Dr. Narges Bani Asadi says cancer is a genetic disease, and she is using technology to fight it.
Asadi is the founder and CEO of Bina, a healthcare startup working to make ‘personalized medicine’ a reality. Bina applies big data analytics to genomics, making it possible to sequence the human genome in a matter of hours rather than days or weeks.
Today, Bina launched its commercial product. The platform provides physicians, clinicians, and researchers with a detailed picture of a patient’s health. From there, they can make data-driven diagnoses and prescribe individualized courses of treatment.
“Medicine today is very experimental,” said founder and CEO Narges Bani Asadi in an interview with VentureBeat. “Before, there was a bottle neck to crunch the massive amount of genomic data. At Bina, we have created the fastest, most highly accurate, cost-efficient processing solution available in the market today. The next step is to incorporate this genomic data into medical use. Data-driven, information-based medicine is much more targeted. Personalizing therapies for different diseases means a longer and healthier quality of life for all humans.”
There are thousands of genetic disorders. In 2013, over 580,000 Americans are expected to die of cancer. One in 20 babies born in the U.S. is admitted into the neonatal intensive care unit, and 20 percent of infant deaths result from congenital or chromosomal defects. Technology can be used to curb these terrifying trends. Bina’s role is to bridge the gap between DNA sequencing technology and the diagnosticians and clinicians who can apply it to their practice.
“The study of genomics has largely been a research activity done in medical schools and universities,” said Mark Sutherland, Bina’s senior vice president of business development. “They could only look at a few samples at a time because it was too expensive or complicated to do it at scale. There is a tidal wave of data that has not been manageable or in a format physicians can understand. Now we are seeing an inflection point. Sequencing is a powerful way of looking across a broad spectrum to provide insight into the cause of certain diseases and conduct risk assessments, early detection, or predict the possibility of recurrence. It can also be used to find applicable therapies and customize treatments.”
Asadi said her team had to achieve innovations in every step of genetic processing in order to create a scaleable, marketable, effective solution.
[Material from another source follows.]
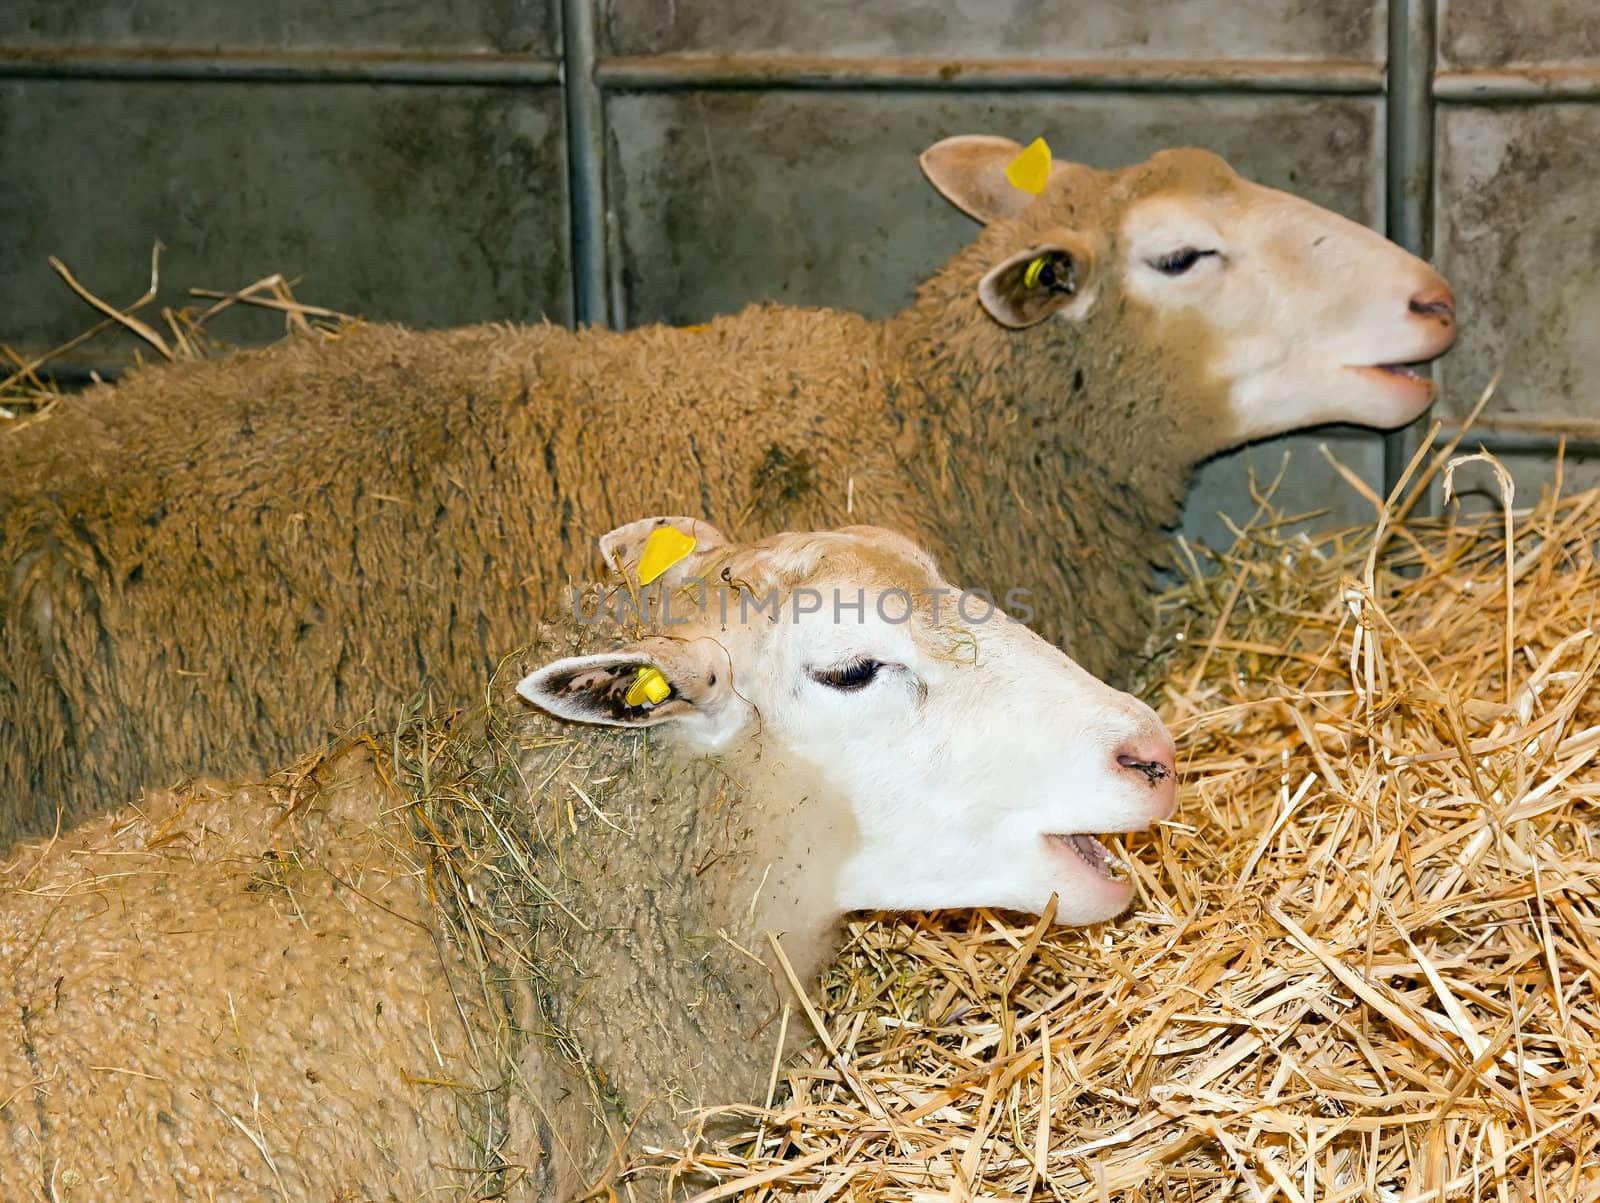 the choir of sheep, at an agricultural fair

Bina’s platform includes a hardware box to collect DNA, advanced software to process the data, and applications to turn the data into actionable form. Whereas before a full genetic analysis took weeks or months and could cost thousands of dollars, Bina turns it around within hours for around $200 a sample.
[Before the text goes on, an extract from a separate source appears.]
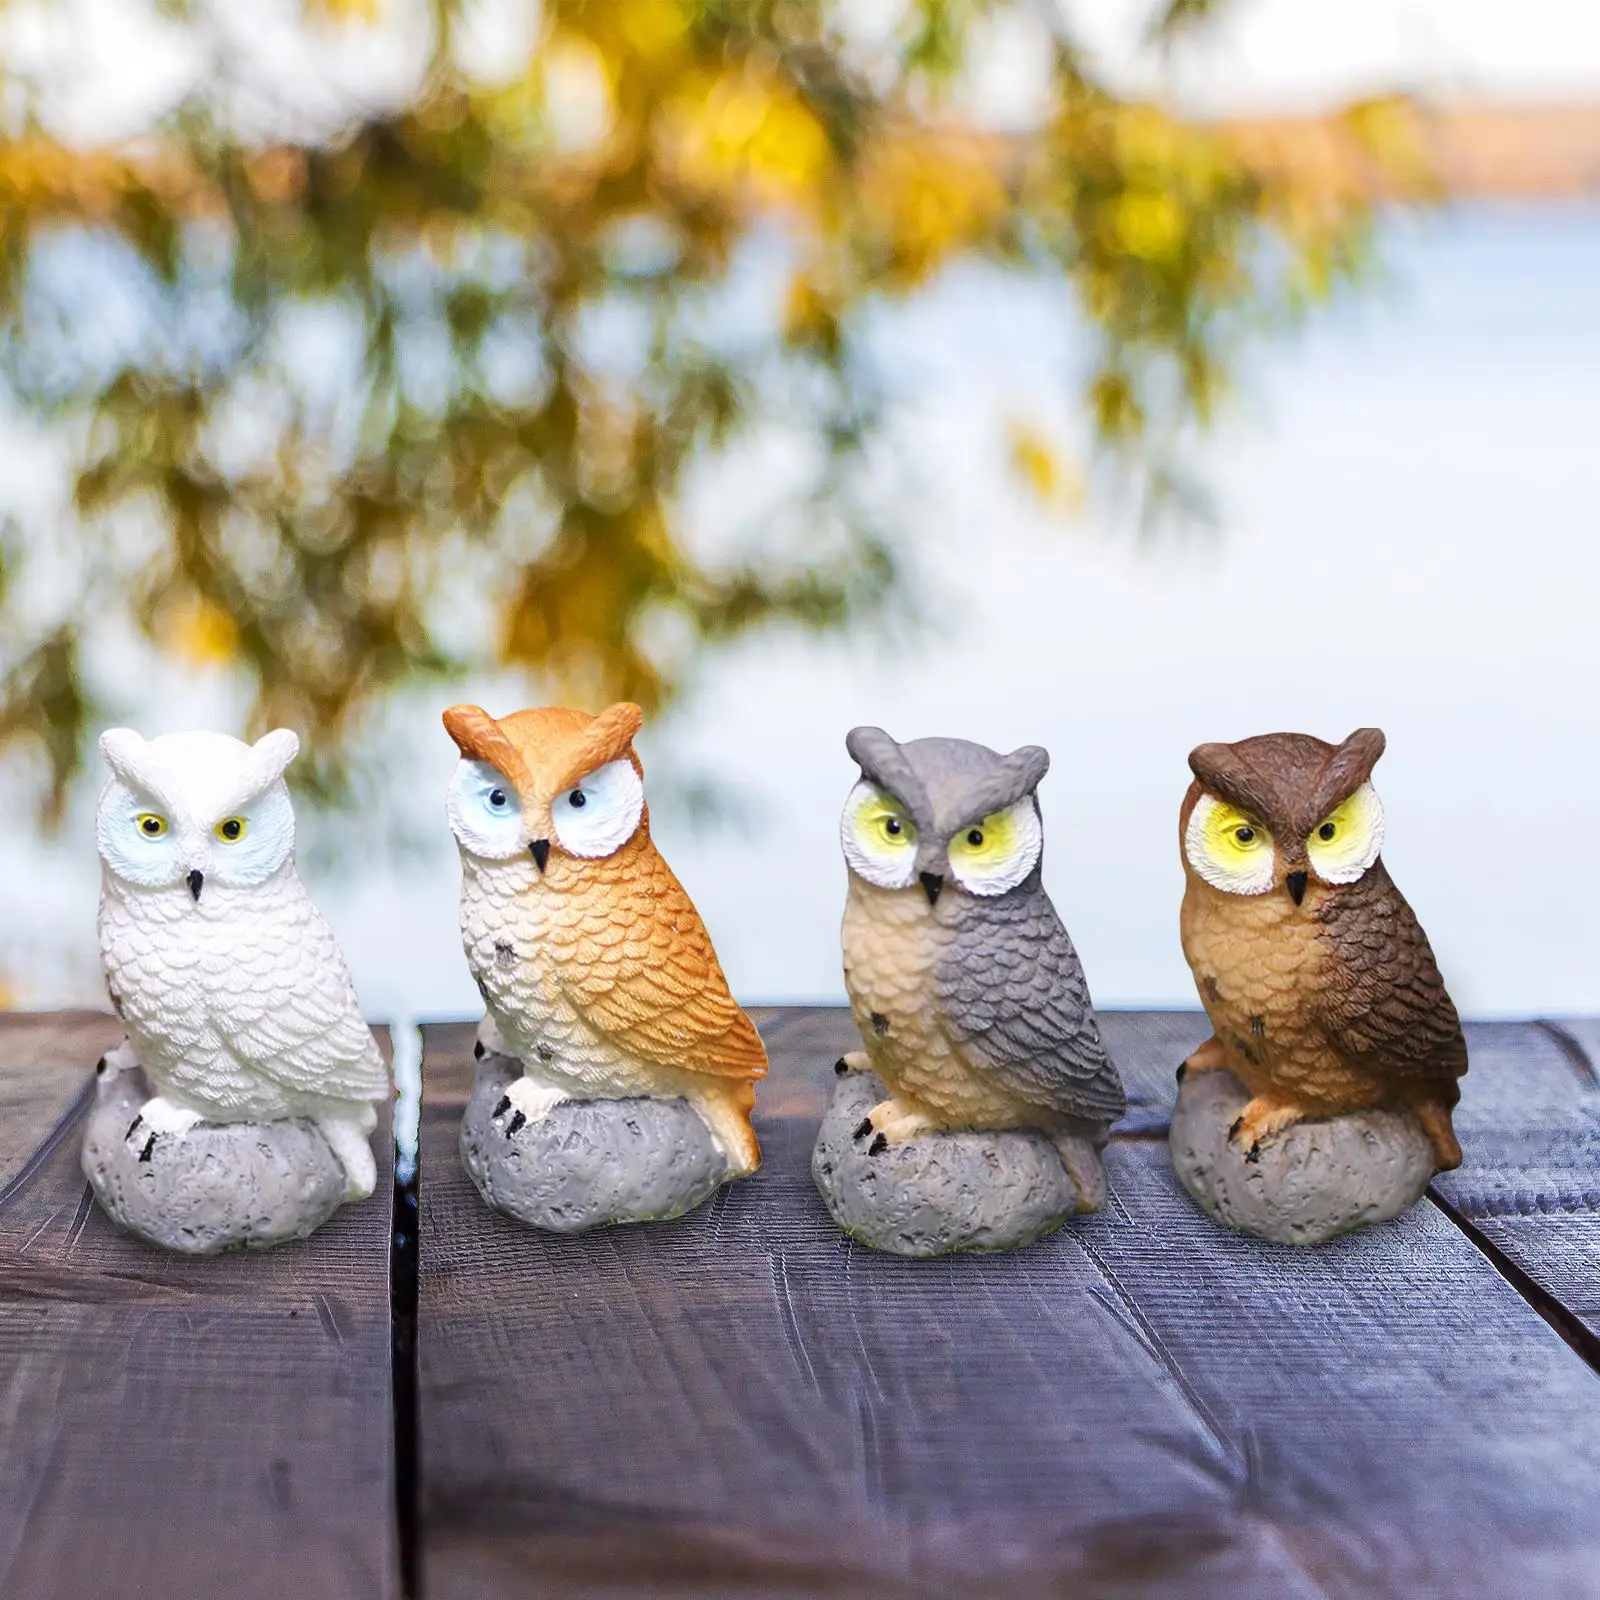 4x Смоляные миниатюрные фигурки птиц и миниатюрных сов для декора бонсай0

The technology emerged out of Asadi’s PhD work at Stanford. She collaborated with professors from around the world to apply high performance computing and computer architecture to gain a new understanding of human health and disease. Bina was founded in 2011 by three professors from the University of California at Berkeley and Stanford. It is backed by venture funding, and pilot customers include the Stanford Genetics Department and Palo Alto Veteran Affairs Hospital.
Startups don’t often set out to cure cancer or prevent infant mortality. However, as technology continues to evolve and along with it, the healthcare industry, a medical system where diagnoses and treatments are based on hard data, where each and every individual is treated as such, could be on the horizon.